Film Review: Inferno (2016)

To steal a quote from Ben “Yatzee” Croshaw –  Dante’s Inferno is history’s first recorded work of self-insert fan fiction. Born 750 years ago, Dante Alighieri was a Florentine poet whose work The Divine Comedy came up with a concept of what hell, purgatory and heaven looked like. The idea that hell is a fiery chasm filled with sinners screaming in pits of molten lava and heaven was a place in the clouds where angels pluck harps and have feathered wings was his idea, so it speaks volumes about the brilliance of his epic poem that these ideas remain unaltered 700 years later.

It’s been five years since Ron Howard directed Tom Hanks as Robert Langdon, Dan Brown’s Mary Sue character that stars in four of his six novels. The third adaptation of a Dan Brown novel after The Da Vinci Code and Angels and Demons (speaking of which, what ever happened to the adaptation of The Lost Symbol?), Inferno begins with Robert Langdon waking up in a hospital room in Florence with no memory of how got there. Just like every book Dan Brown has ever written, the events that transpire involve a 24 hour deadline involving a theological McGuffin  with Langdon and his gal pal of the week, here played by Felicity Jones as the doctor who looks after Langdon in hospital, running away from bad guys and visiting European landmarks.

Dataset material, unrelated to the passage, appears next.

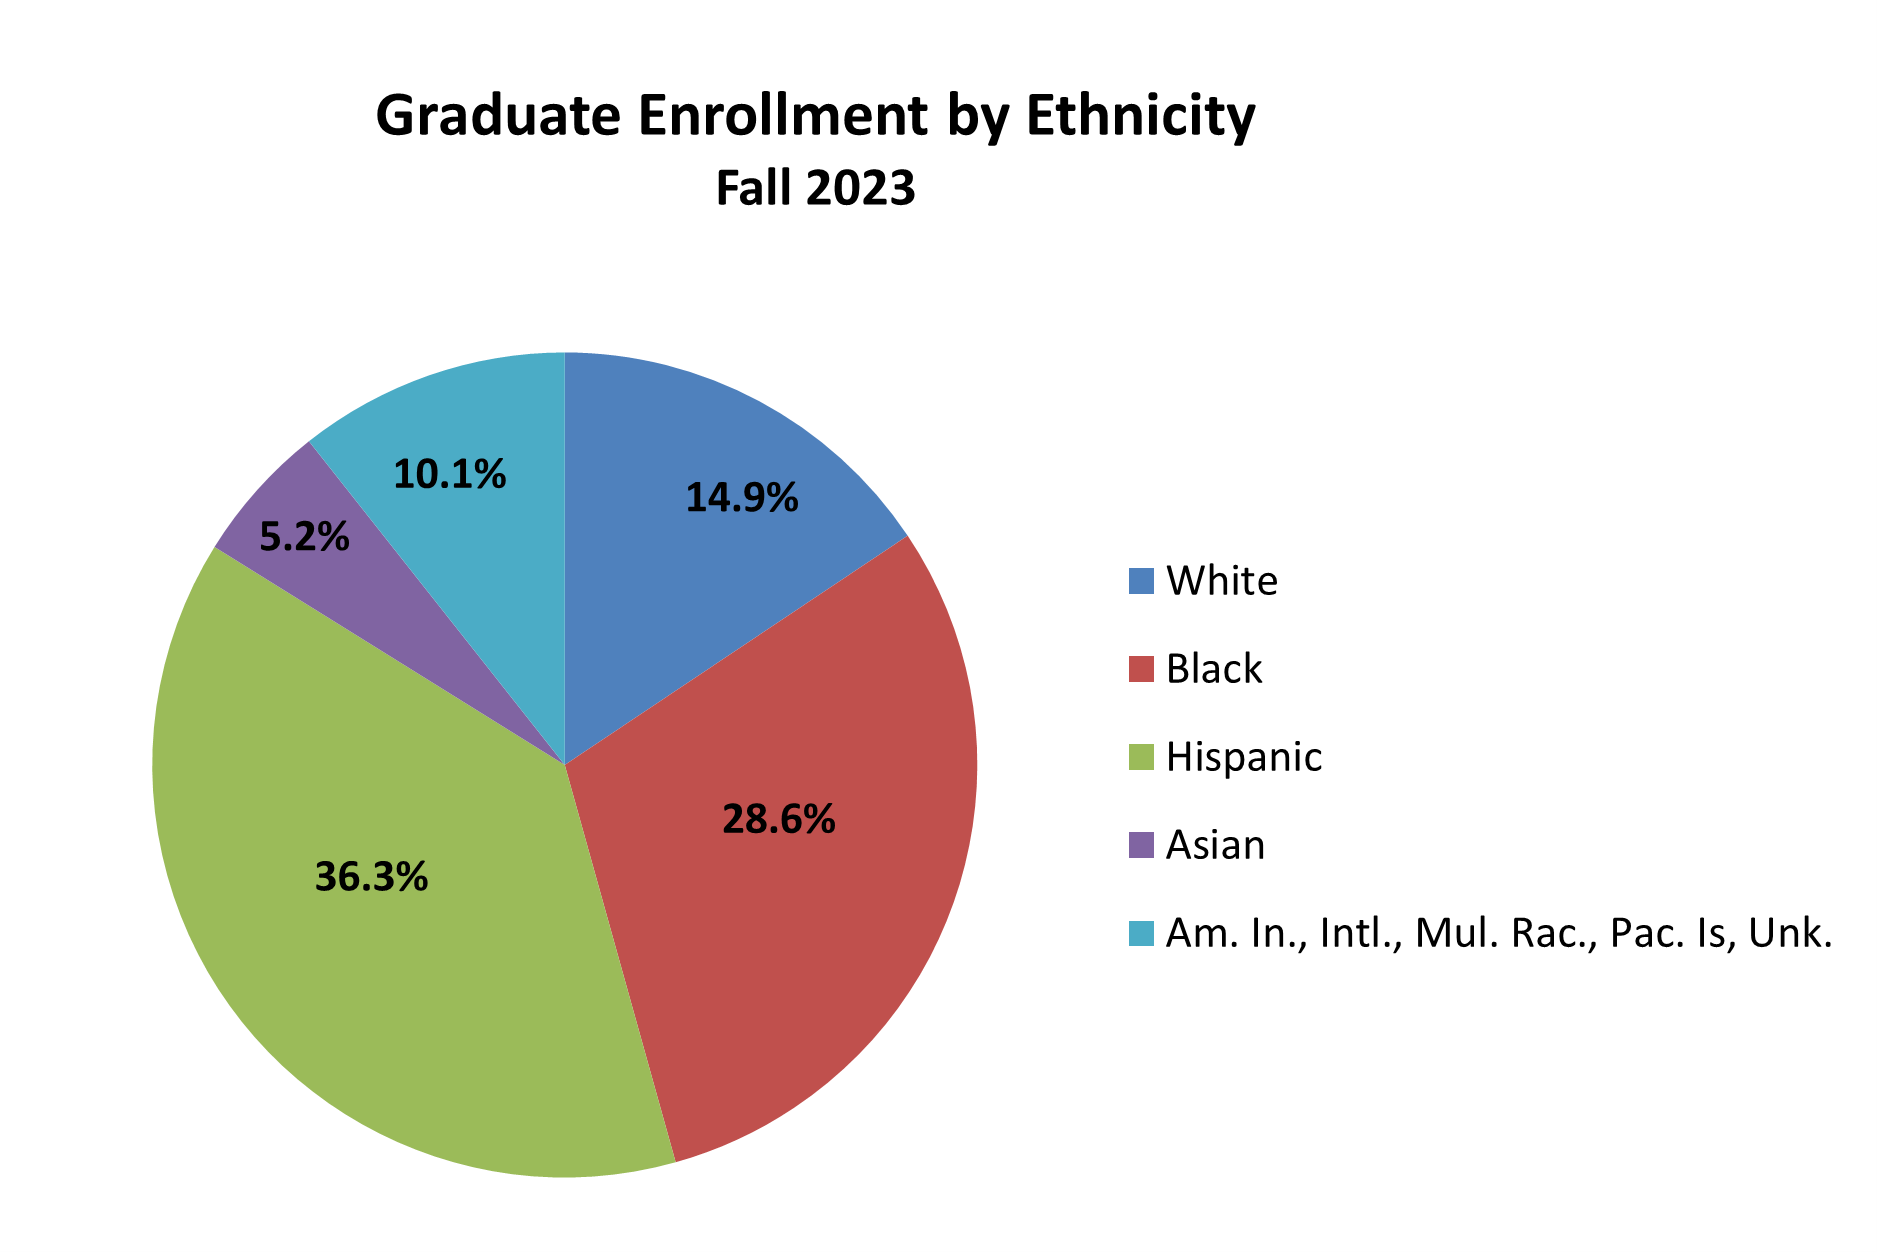 Graduate enrollment by ethnicity pie chart

This is the third time that this exact plot has been dusted off and it wasn’t that great the first time it was tried. The Da Vinci Code was released in 2003 and with its plot revolving around the idea that the Holy Grail was actually Mary Magdalene; the woman Jesus Christ had a baby with, it sat in that sweet spot of being so controversial it make news headlines but not so controversial that it affected the film’s box office performance. It ended up being a misjudged, muddled bore and possibly the darkest film ever made – not in a thematic way; the film is so poorly lit it was really hard to see what was going on. It’s like the filmmakers forgot to hire a gaffer and lighting crew.inferno-poster

Not much has changed since 2003, although you can actually see what is going on in Inferno which is a marked improvement. All the classic Dan Brown tropes are here – art, exposition and running. Tom Hanks runs away from bad guys, then goes and looks at a painting, then explains the plot, and then they run some more. Instead of the Vatican and Paris, here we get to see the streets of Florence and decipher clues left in a copy of Dante’s Inferno.

The whole film is as ridiculous as it is dumb. Tom Hanks is just drifting along on auto-pilot at this point, and Felicity Jones looks a bit lost but does her best with a horribly written character. Fifty percent of the dialogue is exposition; it occasionally feels like screenwriter David Koepp just got out Wikipedia and copy-pasted half the article and  then made Tom Hanks try to sell it as dialogue. Then again, he’s trying to adapt a Dan Brown novel so it can’t have been easy because prose and the internal monologue seem to be alien concepts to Mr Brown.

The villains are ridiculous, the plot is ludicrous, and the film’s soundtrack hangs over nearly every scene which wouldn’t be a problem if the soundtrack wasn’t so inept. There are so many things that are wrong with Inferno and yet I’d be lying if I said I wasn’t entertained. It’s so bombastic and self-serious that it does have a certain B-movie charm. Plus some of the locations are nice to look at.

To use the old cop-out critic line: if you enjoyed the first two installments of Ron Howard’s Robert Langdon trilogy (AKA the ‘running through Europe explaining things’ trilogy) the odds are you’ll enjoy this one too. Inferno is by no stretch of the imagination a good film, but it does have the unique attribute of being so dumb and ridiculous it’s entertaining. If it’s a Friday night and you’re home with pizza and a six pack of beer this will provide some mindless fun. Plus it’s a lot cheaper than a trip to Italy.

Inferno is in cinemas from 13th October through Sony Pictures.